Data extracted from a collection
----

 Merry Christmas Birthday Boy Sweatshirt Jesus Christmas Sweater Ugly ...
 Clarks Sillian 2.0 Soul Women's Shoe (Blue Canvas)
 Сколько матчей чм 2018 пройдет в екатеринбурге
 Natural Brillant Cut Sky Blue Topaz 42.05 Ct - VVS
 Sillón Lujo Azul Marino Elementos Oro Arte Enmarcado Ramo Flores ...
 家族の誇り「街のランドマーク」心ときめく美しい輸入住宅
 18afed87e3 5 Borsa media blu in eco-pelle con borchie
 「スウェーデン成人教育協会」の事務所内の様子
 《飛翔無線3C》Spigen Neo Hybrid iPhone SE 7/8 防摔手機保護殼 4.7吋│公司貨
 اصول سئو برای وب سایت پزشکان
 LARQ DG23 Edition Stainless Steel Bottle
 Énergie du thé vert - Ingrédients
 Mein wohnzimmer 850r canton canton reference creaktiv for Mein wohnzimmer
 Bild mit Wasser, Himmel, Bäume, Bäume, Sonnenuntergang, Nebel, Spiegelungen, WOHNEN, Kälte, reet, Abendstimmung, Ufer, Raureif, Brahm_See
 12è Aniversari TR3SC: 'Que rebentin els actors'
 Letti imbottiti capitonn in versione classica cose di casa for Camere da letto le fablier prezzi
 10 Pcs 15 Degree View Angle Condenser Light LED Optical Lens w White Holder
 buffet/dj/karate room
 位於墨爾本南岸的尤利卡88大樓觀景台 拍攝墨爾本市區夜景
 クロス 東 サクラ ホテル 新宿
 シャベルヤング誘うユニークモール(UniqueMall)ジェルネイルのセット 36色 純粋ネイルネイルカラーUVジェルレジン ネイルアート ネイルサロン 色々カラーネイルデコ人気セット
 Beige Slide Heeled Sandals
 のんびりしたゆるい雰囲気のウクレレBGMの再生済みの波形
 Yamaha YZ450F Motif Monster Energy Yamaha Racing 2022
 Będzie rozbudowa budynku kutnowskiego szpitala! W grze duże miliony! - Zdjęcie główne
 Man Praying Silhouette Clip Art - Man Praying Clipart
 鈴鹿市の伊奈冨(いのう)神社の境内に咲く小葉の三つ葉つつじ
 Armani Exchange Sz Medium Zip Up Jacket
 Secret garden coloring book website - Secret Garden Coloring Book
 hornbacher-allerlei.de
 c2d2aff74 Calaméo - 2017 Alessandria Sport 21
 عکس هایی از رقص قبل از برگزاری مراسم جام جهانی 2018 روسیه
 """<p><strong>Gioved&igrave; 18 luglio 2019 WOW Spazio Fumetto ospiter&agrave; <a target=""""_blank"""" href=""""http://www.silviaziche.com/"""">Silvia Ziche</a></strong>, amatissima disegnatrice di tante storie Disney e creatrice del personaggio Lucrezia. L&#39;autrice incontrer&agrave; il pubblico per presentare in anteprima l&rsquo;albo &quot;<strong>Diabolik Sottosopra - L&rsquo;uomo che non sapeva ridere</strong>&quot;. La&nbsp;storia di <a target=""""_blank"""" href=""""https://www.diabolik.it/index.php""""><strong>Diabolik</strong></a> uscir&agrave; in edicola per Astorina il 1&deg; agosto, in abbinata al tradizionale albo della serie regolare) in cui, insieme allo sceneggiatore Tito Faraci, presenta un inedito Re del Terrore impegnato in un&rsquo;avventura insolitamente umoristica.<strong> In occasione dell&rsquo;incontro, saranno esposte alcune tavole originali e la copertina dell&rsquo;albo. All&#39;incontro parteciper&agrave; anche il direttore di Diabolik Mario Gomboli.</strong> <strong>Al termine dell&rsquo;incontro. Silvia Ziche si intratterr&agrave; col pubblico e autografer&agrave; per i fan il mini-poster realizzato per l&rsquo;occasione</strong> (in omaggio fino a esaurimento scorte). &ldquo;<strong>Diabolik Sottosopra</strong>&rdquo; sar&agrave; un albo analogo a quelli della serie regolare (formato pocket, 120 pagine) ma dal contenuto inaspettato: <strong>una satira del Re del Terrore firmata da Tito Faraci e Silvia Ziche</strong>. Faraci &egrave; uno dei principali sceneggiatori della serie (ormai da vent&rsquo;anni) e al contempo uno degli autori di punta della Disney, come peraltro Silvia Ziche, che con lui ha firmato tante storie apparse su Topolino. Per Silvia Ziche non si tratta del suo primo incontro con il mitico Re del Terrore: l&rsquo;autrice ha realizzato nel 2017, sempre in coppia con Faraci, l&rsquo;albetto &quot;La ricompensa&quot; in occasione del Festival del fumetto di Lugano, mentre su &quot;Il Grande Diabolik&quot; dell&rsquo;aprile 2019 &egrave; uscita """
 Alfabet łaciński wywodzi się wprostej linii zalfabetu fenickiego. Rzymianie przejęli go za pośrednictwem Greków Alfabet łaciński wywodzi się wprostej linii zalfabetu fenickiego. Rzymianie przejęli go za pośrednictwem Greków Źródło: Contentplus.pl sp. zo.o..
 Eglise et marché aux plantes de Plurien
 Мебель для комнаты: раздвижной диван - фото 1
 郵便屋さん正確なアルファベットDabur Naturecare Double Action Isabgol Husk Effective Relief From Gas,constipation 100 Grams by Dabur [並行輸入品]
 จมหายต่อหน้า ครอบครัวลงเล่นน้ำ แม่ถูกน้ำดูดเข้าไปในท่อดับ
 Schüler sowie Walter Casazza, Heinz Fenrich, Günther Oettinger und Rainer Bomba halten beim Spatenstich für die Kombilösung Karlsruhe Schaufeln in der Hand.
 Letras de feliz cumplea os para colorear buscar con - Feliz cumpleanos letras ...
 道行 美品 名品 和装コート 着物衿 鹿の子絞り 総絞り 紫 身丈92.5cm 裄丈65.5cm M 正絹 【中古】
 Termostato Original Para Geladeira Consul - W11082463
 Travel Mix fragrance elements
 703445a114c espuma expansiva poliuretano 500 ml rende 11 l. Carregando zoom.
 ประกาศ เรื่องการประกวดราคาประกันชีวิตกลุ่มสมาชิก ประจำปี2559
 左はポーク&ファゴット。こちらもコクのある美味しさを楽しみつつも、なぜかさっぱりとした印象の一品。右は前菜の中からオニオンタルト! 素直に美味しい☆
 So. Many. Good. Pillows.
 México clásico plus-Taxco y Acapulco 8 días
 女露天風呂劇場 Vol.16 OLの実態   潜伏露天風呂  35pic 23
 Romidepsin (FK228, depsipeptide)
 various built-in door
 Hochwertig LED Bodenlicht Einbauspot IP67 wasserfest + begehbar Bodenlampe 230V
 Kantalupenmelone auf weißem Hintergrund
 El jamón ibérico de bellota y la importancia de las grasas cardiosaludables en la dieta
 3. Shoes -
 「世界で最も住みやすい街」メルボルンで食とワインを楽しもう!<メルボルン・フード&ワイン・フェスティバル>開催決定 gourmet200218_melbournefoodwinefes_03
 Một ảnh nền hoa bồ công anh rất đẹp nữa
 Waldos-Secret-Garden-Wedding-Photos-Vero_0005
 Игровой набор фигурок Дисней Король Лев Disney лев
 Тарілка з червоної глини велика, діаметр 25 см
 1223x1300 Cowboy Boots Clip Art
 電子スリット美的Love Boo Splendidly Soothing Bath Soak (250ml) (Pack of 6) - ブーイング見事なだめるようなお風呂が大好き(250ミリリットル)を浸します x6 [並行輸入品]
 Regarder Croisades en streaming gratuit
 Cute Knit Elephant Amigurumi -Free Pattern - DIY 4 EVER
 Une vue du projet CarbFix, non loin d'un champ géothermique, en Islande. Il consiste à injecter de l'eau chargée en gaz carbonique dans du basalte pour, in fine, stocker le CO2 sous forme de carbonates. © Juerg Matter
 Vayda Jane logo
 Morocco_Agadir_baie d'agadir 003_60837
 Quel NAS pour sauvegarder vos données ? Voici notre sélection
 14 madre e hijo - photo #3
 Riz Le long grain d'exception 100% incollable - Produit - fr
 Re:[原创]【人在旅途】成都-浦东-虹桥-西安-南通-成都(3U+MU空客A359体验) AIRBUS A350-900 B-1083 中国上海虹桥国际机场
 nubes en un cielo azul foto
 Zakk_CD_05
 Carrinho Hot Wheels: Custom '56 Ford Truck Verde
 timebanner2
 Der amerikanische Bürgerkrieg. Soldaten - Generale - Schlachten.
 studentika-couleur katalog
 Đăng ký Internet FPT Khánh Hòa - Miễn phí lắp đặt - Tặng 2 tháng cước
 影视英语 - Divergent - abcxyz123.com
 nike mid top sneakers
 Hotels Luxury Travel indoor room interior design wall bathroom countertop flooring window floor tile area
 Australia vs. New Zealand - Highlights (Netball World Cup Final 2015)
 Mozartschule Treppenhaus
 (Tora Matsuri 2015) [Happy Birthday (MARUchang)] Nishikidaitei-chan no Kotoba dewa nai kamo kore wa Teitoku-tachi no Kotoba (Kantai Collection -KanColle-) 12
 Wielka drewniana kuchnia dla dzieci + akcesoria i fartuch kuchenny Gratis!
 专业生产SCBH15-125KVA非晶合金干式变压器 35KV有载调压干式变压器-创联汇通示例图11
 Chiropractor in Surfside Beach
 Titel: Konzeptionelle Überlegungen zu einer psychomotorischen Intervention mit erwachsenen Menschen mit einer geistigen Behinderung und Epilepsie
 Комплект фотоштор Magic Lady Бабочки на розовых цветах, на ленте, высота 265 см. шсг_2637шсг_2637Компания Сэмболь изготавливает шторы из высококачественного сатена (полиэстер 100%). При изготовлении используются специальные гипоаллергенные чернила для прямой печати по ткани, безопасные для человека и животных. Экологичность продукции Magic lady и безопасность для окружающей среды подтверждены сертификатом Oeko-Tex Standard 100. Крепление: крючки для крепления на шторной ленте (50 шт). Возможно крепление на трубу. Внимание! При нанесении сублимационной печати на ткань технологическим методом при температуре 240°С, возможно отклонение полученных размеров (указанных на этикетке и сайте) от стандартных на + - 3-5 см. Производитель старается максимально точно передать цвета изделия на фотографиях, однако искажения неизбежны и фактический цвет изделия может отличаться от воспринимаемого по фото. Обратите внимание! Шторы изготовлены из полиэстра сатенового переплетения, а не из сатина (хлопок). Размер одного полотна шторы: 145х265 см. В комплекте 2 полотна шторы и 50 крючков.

----

> WORK INSTRUCTION
For the data above, give the number of lines in which the word "room" appears, and nothing more.

> ANSWER AREA
2